Photograph courtesy of Shutterstock

Why you might roll your eyes:

It's a ride on a Metrobus. Not everyone's idea of a fun time.

Why you'll love it:

The 30N and 30S buses (formerly the 36 and 32 routes) are among the most unique rides you'll take across DC. It's about a 13-mile course from one end of the city to the other, giving a DIY tour of the District.

Grab a window seat at the Friendship Heights end of the line. As you sail down Wisconsin Avenue and turn onto Pennsylvania, the anthropology of the city comes alive- you'll spy boutique shoppers in Georgetown, students scurrying through Foggy Bottom, downtown office workers. It's a chance to see the people who make up our city in action- the caterer precariously walking a steaming silver bowl outside a swank hotel, the Street Sense vendors, kids tossing snowballs beneath the William Tecumseh Sherman Monument on 15th Street.

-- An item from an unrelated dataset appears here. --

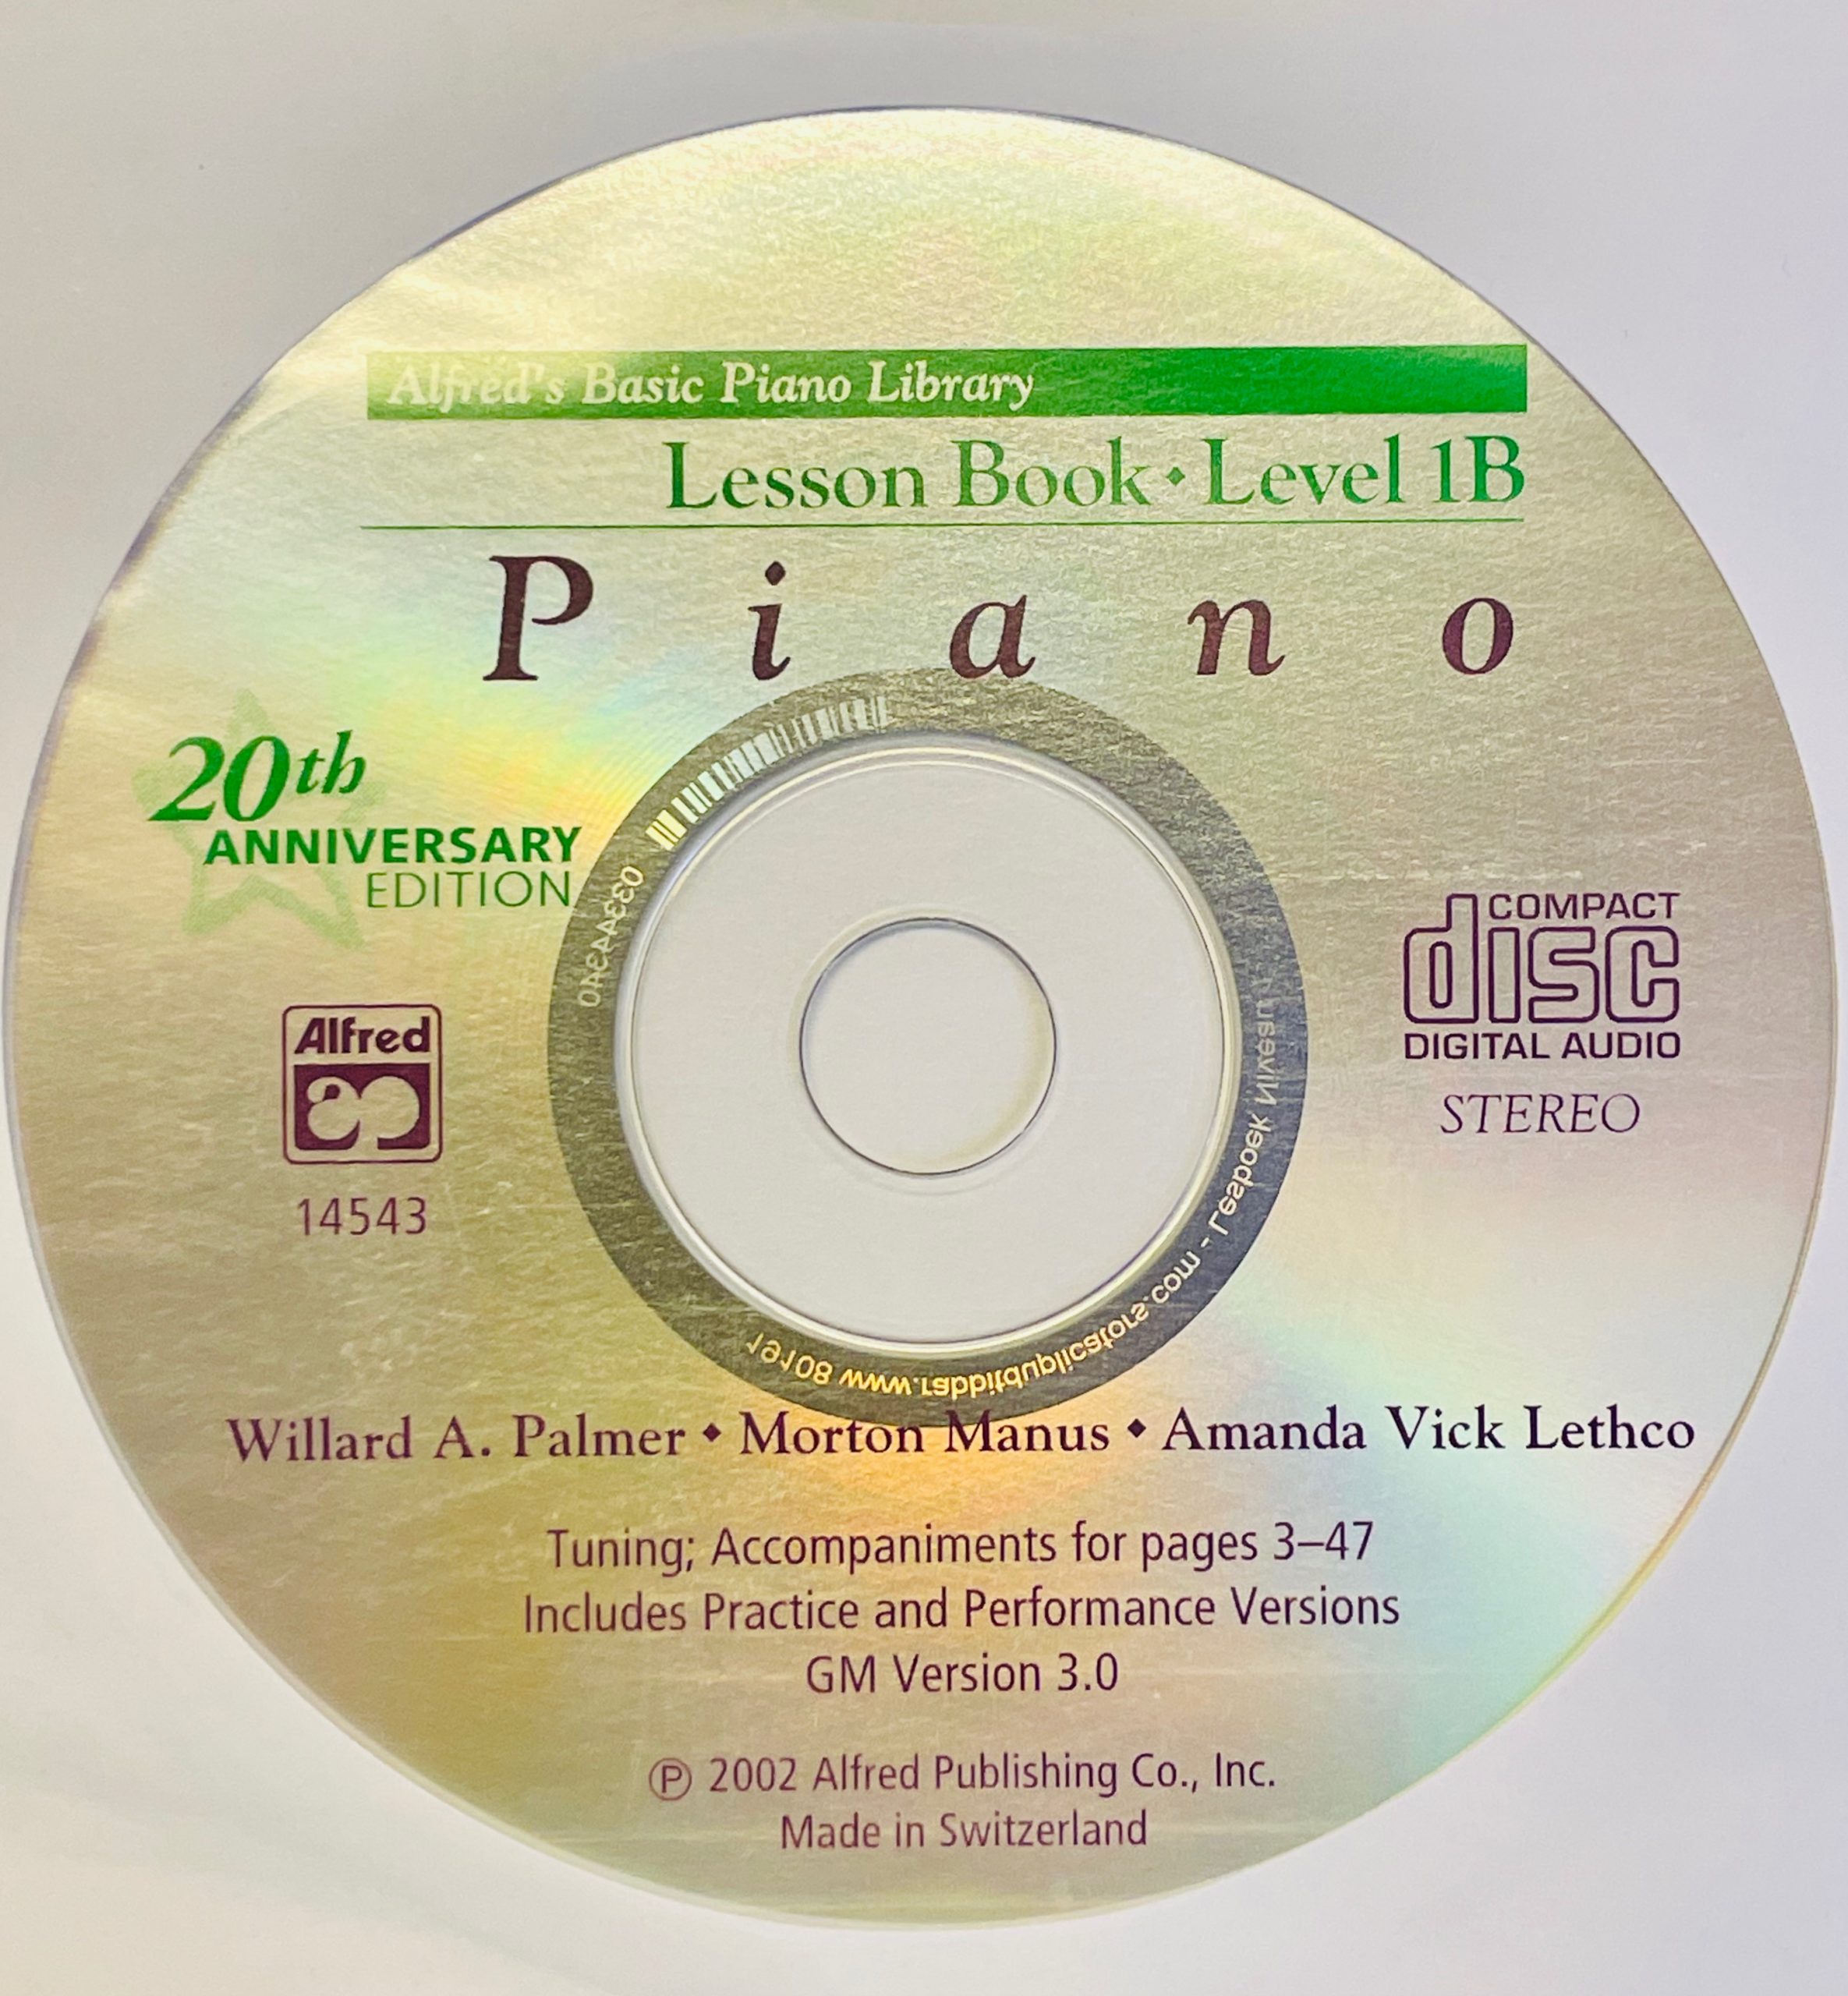 Piano libr. lesboek CD - Alfred Basic - Deel 1b

You can spot sightseeing locales on the ride, too. The Washington Monument hovers in the background for a few moments as the bus heads toward Penn Quarter, and there's a broadside view of the White House before that near H Street, Northwest. But it's really a chance to finally see the things you may only have heard of- that hidden gem of a deli on Capitol Hill everyone talks about, that leafy park you always meant to visit. If you want to explore a little more, you can always pull the cord and hop off.

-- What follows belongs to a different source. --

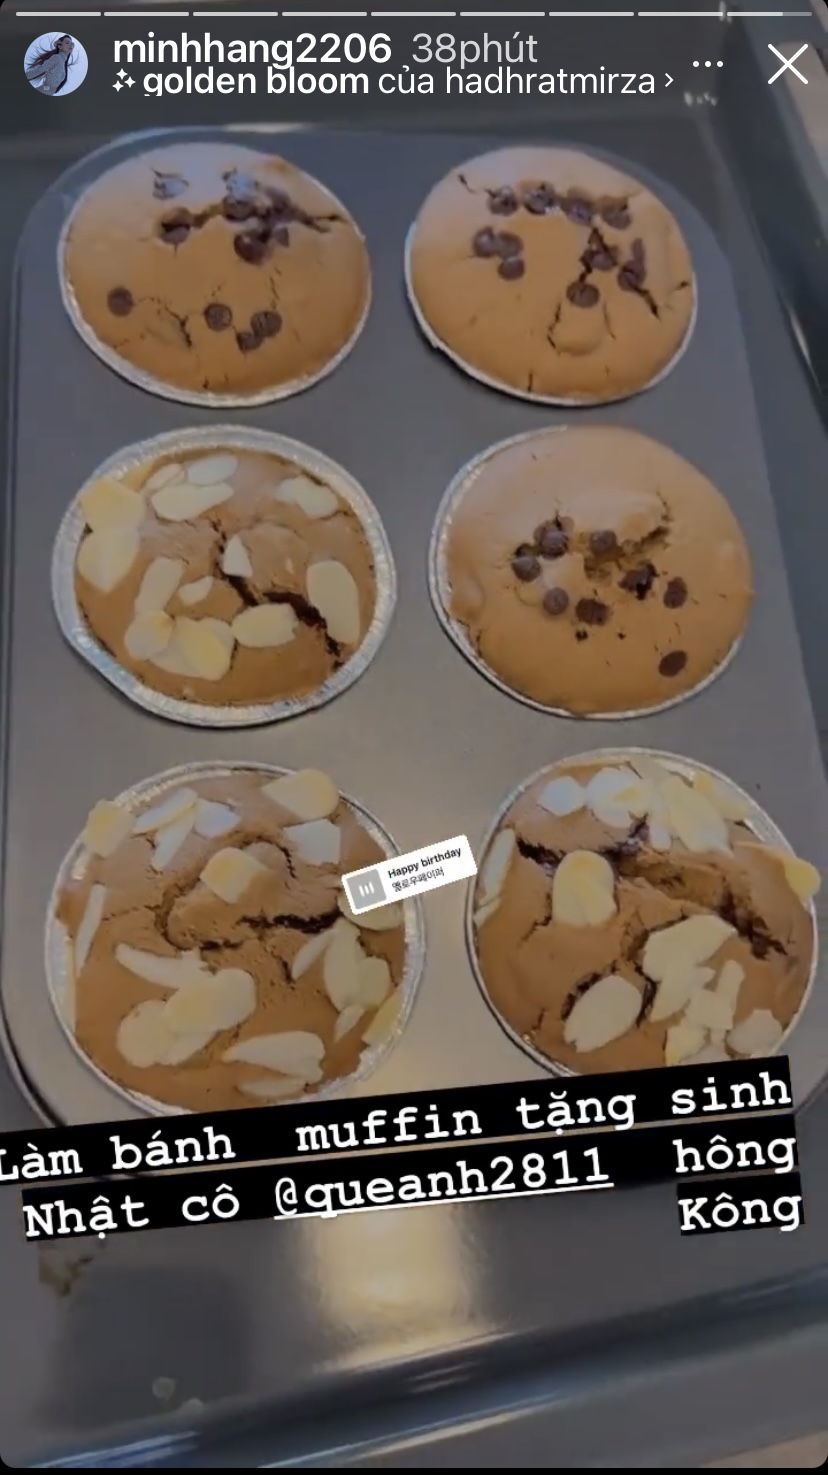 Minh Hằng trổ tài làm bánh muffin để tặng sinh nhật bạn.

Skinny Capitol Hill rowhouses transition into yards and single-family homes as the bus crosses the river into Anacostia. It's a world many Washingtonians don't frequent but an integral part of the tour, as the bus comes full circle from one city border to the other. The terminus of the 90-minute journey is at either the Naylor Road or the Southern Avenue Metro station. The whole ride might not be as structured or historically informational as a professional tour, but it's a truer perspective of our city. Plus, it's a lot cheaper.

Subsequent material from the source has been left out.